ADVANTAGES OF THE PRESENT DISCLOSURE
[0081] The present disclosure provides a sequential braking system that obviates the above-mentioned limitations of existing Combined Braking Systems (CBS) /devices.
[0082] The present disclosure provides the sequential braking system as a CBS for actuating friction brake assemblies and auxiliary brake assemblies of a vehicle.
[0083] The present disclosure provides the sequential braking system for sequentially actuating auxiliary brake assemblies and friction brake assemblies to maximize energy recovery.
[0084] The present disclosure provides a sequential braking system that actuates friction brake assemblies and auxiliary brake assemblies using a common actuation means.
[0085] The present disclosure provides the sequential braking system for delaying the actuation of friction brake assemblies that share an actuation means with the auxiliary brake assemblies.
[0086] The present disclosure provides the sequential braking system that improves the lifespan of friction interface surfaces of the friction brake assemblies.
[0087] The present disclosure provides the brake actuators that are tuneable and controllable for providing ineffective stroke.
,CLAIMS:1. A sequential braking system (101) for a saddle type vehicle (102), the sequential braking system (101) comprising:
a front brake actuator (105A) and a rear brake actuator (105B) configured for actuating a front brake assembly (106A) and a rear brake assembly (106B), respectively to decelerate the saddle type vehicle (102), wherein the front brake actuator (105A) is configured to actuate both the front brake assembly (106A) and the rear brake assembly (106B); and
a delay mechanism (103) configured for delaying the actuation of the rear brake assembly (106B) for a predefined interval from the actuation of the front brake assembly (106A) for a controlled braking of the saddle type vehicle (102),
wherein the delay mechanism (103) comprises a first delaying means (103A, 306) operatively coupled with the front brake actuator (105A) and a second delaying means (103B, 212) operatively coupled with the rear brake assembly (106B).

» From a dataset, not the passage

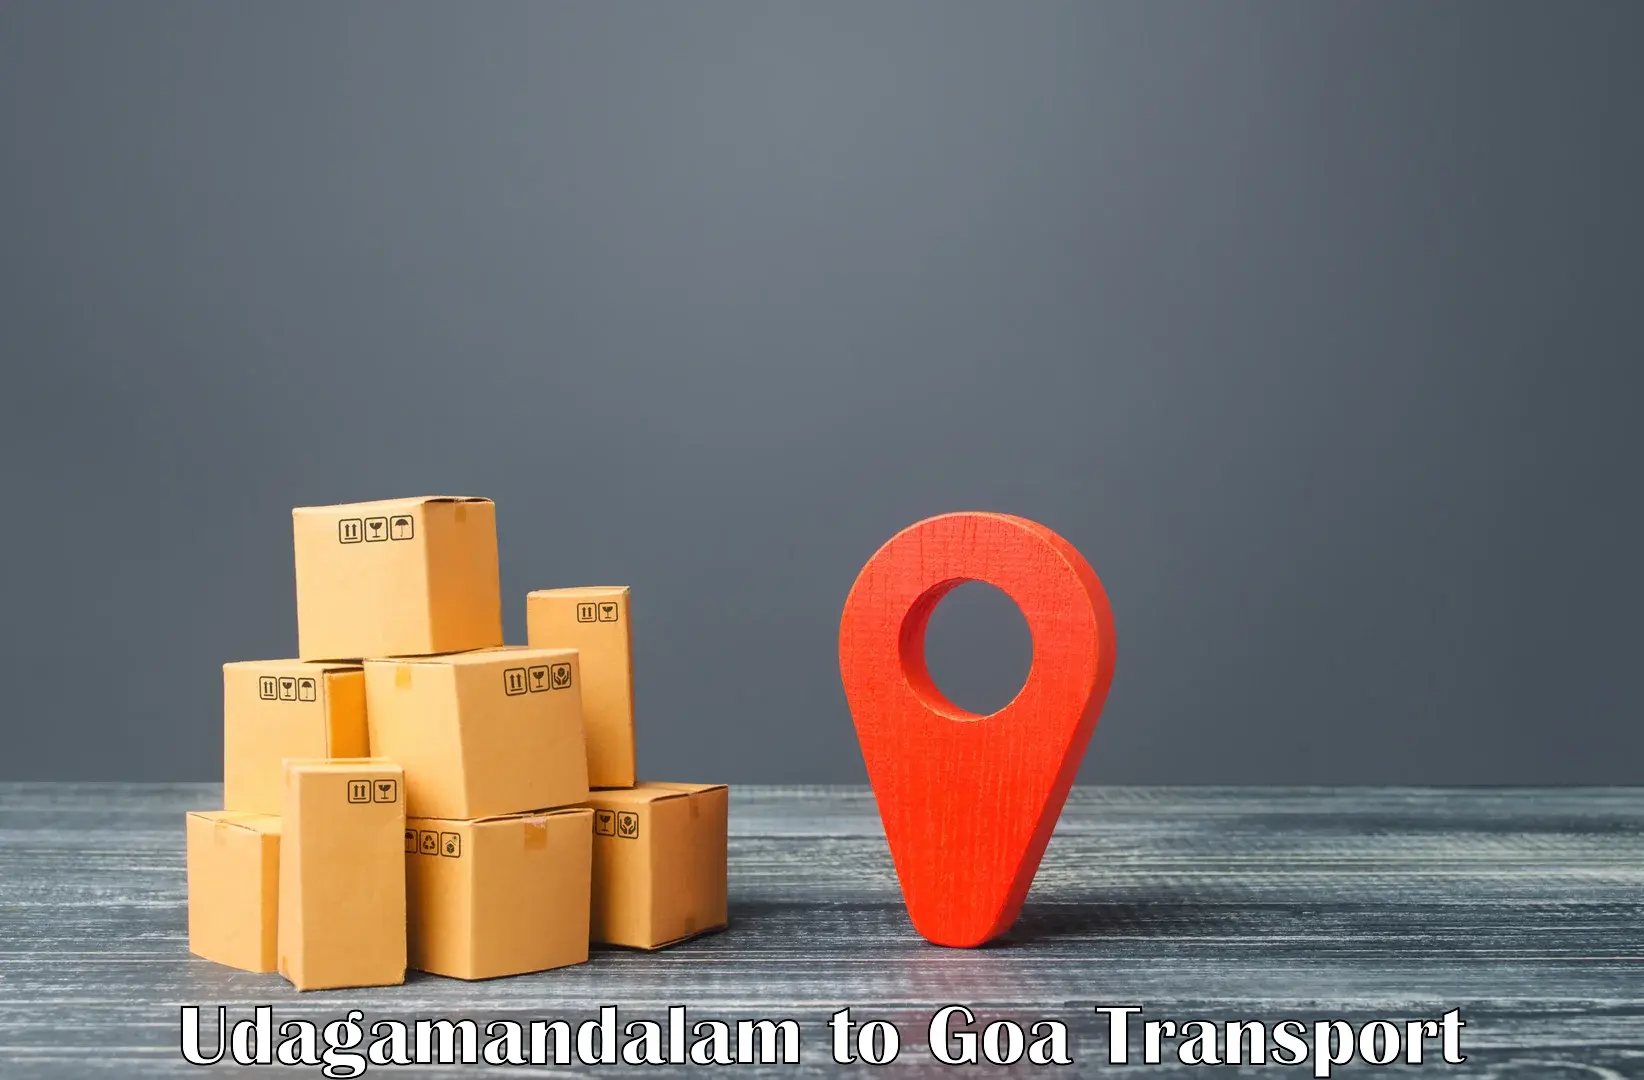 Daily transport service Udagamandalam to IIT Goa

2. The sequential braking system (101) as claimed in claim 1, wherein the first delaying means (103A, 306) is configured to initiate a delay, less than or equal to the predefined interval, for actuation of at least one or a combination of: the front brake assembly (106A) and the rear brake assembly (106B).

3. The sequential braking system (101) as claimed in claim 2, wherein the second delaying means (103B, 212) is configured to achieve a delay, equal to the predefined interval, for actuation of the rear brake assembly (106B).

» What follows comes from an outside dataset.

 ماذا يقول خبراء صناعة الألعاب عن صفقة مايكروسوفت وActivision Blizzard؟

4. The sequential braking system (101) as claimed in claim 3, wherein the first delaying means (103A, 306) and the second delaying means (103B, 212) is an elastic member.

5. The sequential braking system (101) as claimed in claim 2, wherein the delay, less than or equal to the predefined interval, is directly proportional to a delay force provided by a stiffness of the first delaying means (103A, 306).

6. The sequential braking system (101) as claimed in claim 3, wherein the delay, equal to the predefined interval, is directly proportional to a delay force provided by a stiffness of the second delaying means (103B, 212).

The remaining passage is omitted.